Fugues musicales
Inscriptions ouvertes
À partir de 9 350 € par personne
À Salzbourg, l’été ne marque pas une parenthèse mais une intensification. La ville, cernée par les reliefs alpins et ordonnée par une architecture baroque d’une précision presque musicale, entre alors dans un état de vibration continue. Les jours s’allongent, les perspectives s’ouvrent, et chaque lieu, de la vieille ville aux grandes salles du festival, semble appelé à devenir espace de résonance. Ici, la musique ne surplombe pas la cité : elle la traverse, la structure, l’habite jusque dans ses silences.
Depuis plus d’un siècle, le Festival de Salzbourg s’affirme comme un lieu où le grand répertoire se confronte aux regards les plus singuliers de notre temps. La dimension spirituelle et visionnaire de Saint François d’Assise de Messiaen y prend corps sous la direction de Maxime Pascal et le regard radical de Romeo Castellucci, tandis que la virtuosité jubilatoire de Rossini s’exprime dans Il viaggio a Reims, porté par Cecilia Bartoli et Florian Sempey dans la mise en scène incisive de Barrie Kosky.

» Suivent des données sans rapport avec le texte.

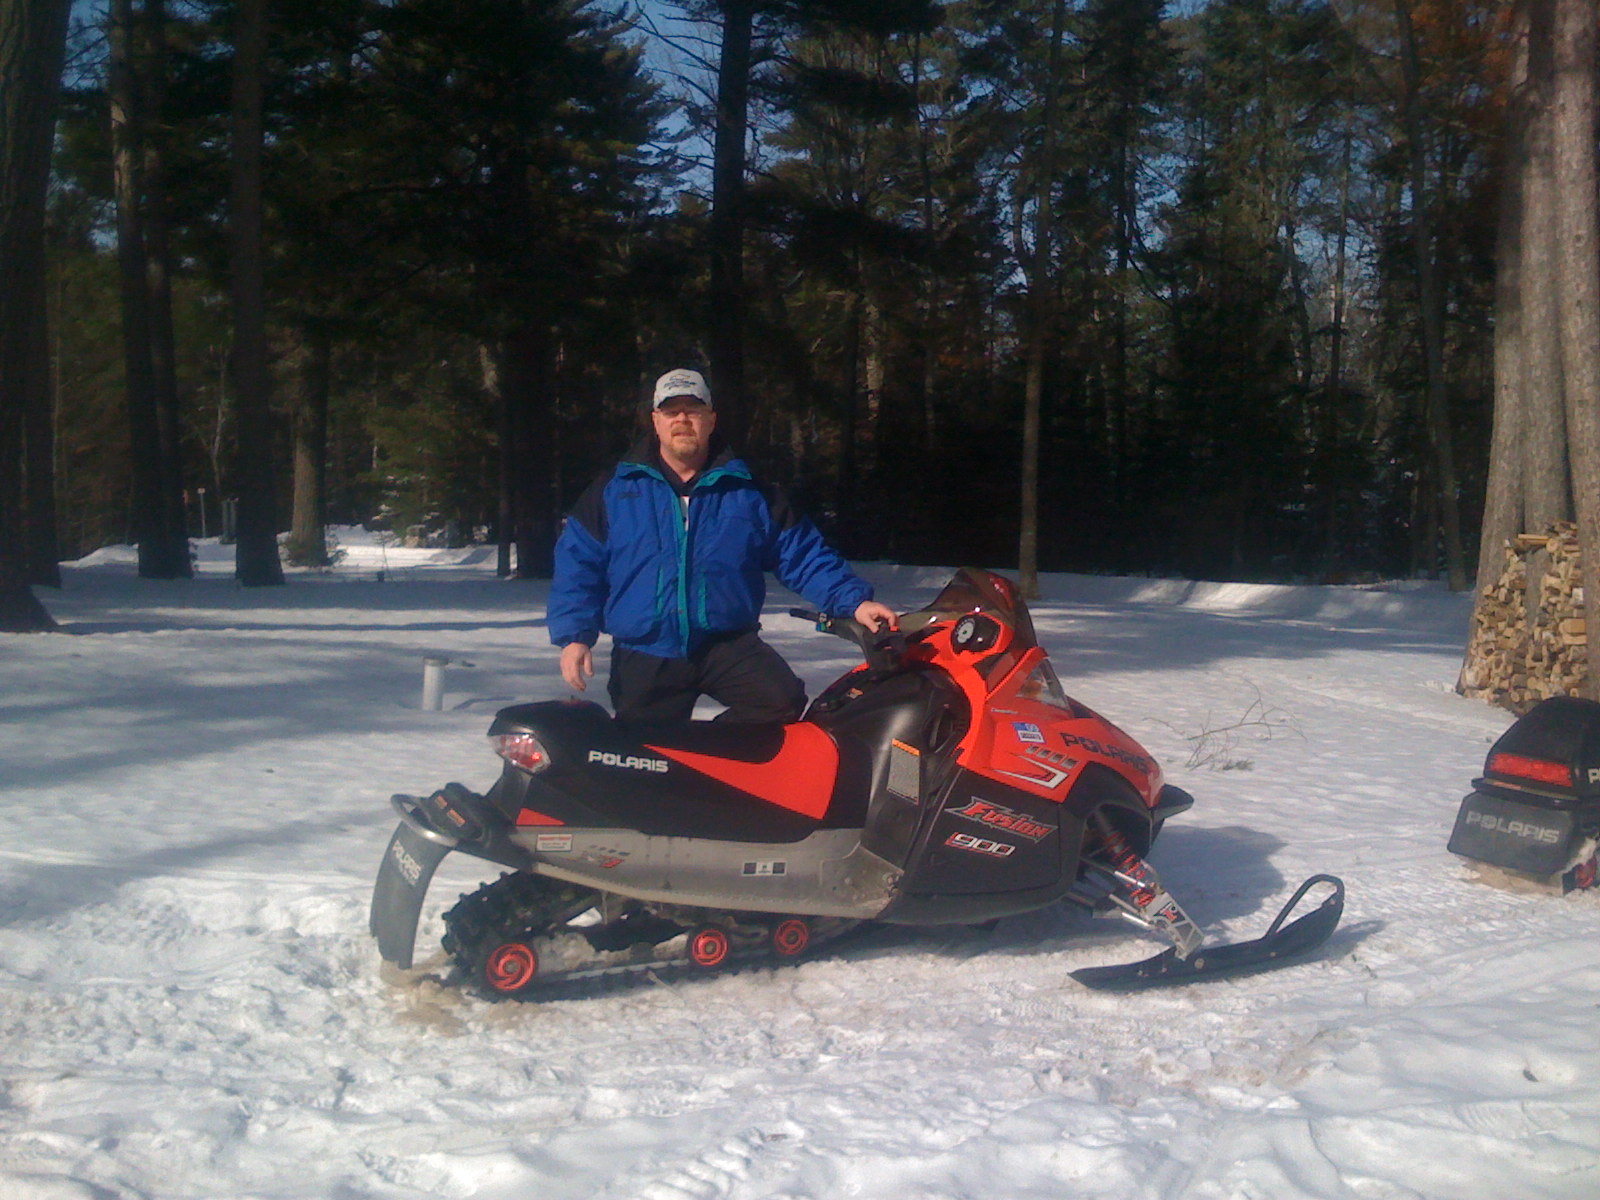 Ted Cahall and his Polaris Fusion 900 Snowmobile
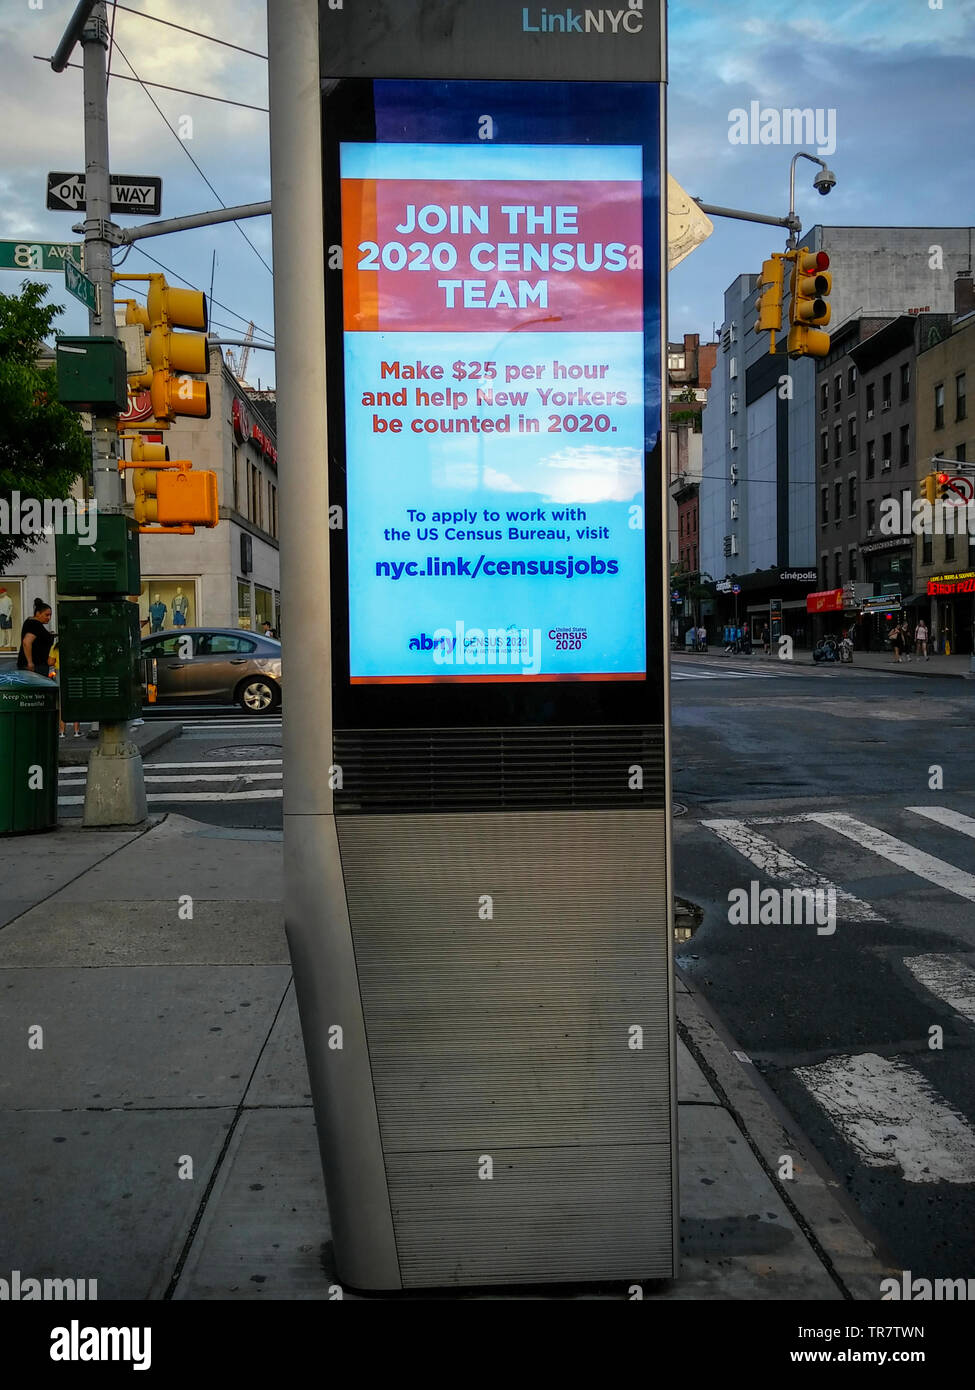 Advertising on a LinkNYC kiosk in New York promotes census jobs, seen on Sunday, May 26, 2019. The census is a count of everyone living in the United States, citizens and non-citizens. By law it is conducted every 10 years and the information is used to reapportion congressional districts as well as affecting the distribution of government funds.  (© Richard B. Levine) Stock Photo

Mozart occupe une place centrale avec Così fan tutte, incarné par Elsa Dreisig et Lea Desandre, tandis que Strauss déploie toute sa richesse de contrastes dans Ariadne auf Naxos, portée par la noblesse vocale d’Elīna Garanča. Le parcours s’ouvre enfin à la grande tradition symphonique avec le Vienna Philharmonic dirigé par Tugan Sokhiev, avant de retrouver la brûlure intemporelle de Carmen dans une lecture tendue et incandescente de Teodor Currentzis, incarnée par Asmik Grigorian.
L’ensemble compose un itinéraire d’une rare cohérence, où les grandes figures de la scène musicale contemporaine dialoguent avec les œuvres, et où chaque soirée s’inscrit comme une étape essentielle d’un voyage artistique total.